Brief: Search the records below for the string "Jade", and report each line that contains it.

### Supplied records

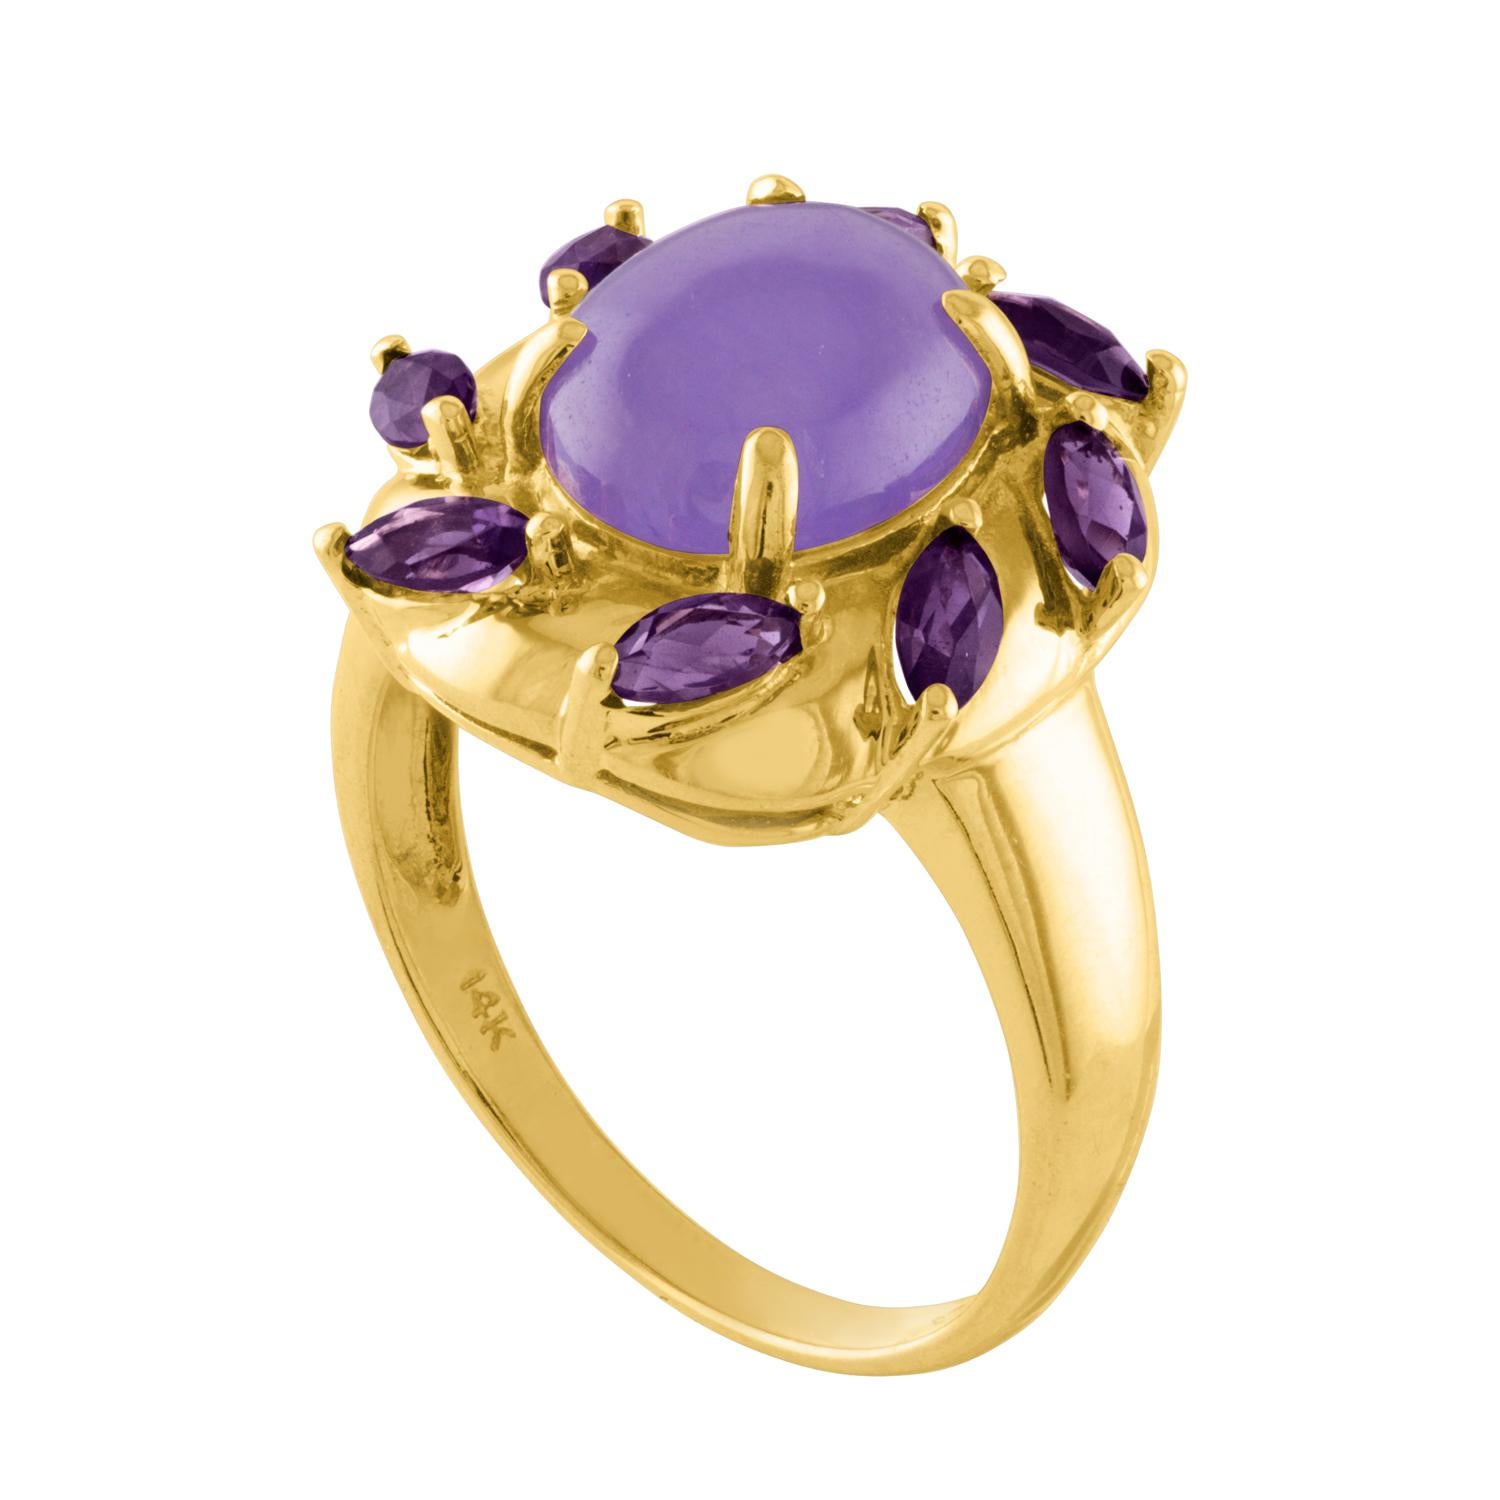 Stunning Vintage Piece
The ring is 14K Yellow Gold
The Center is a 4.00 Carat Jade
It is a Natural Lavender Violet Oval Cabochon Jade Jadeite
There is 1.00 Carats in Purple Amethyst Marquise Shape
The ring is a size 6, sizable
The ring weighs 3.5
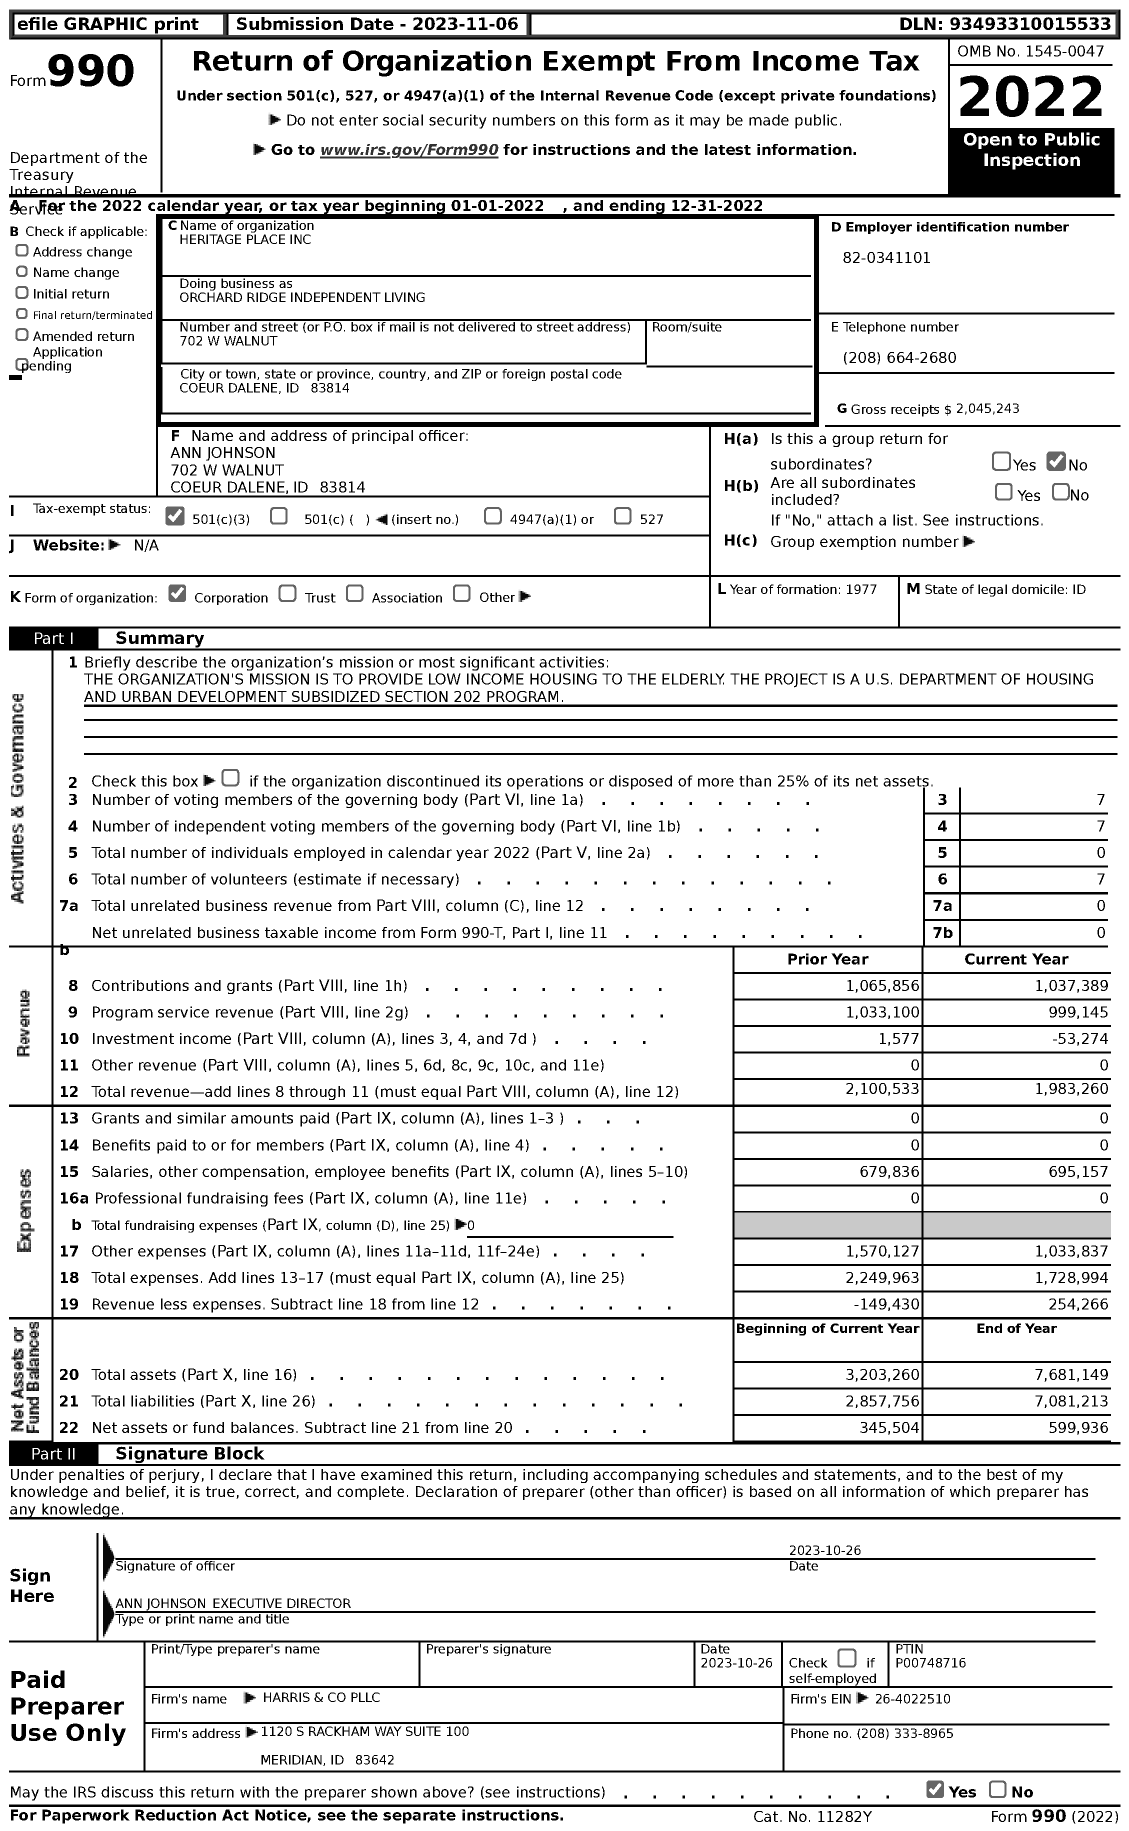 Image of first page of 2022 Form 990 for Orchard Ridge Independent Living

######

Answer to the problem:
The Center is a 4.00 Carat Jade
It is a Natural Lavender Violet Oval Cabochon Jade Jadeite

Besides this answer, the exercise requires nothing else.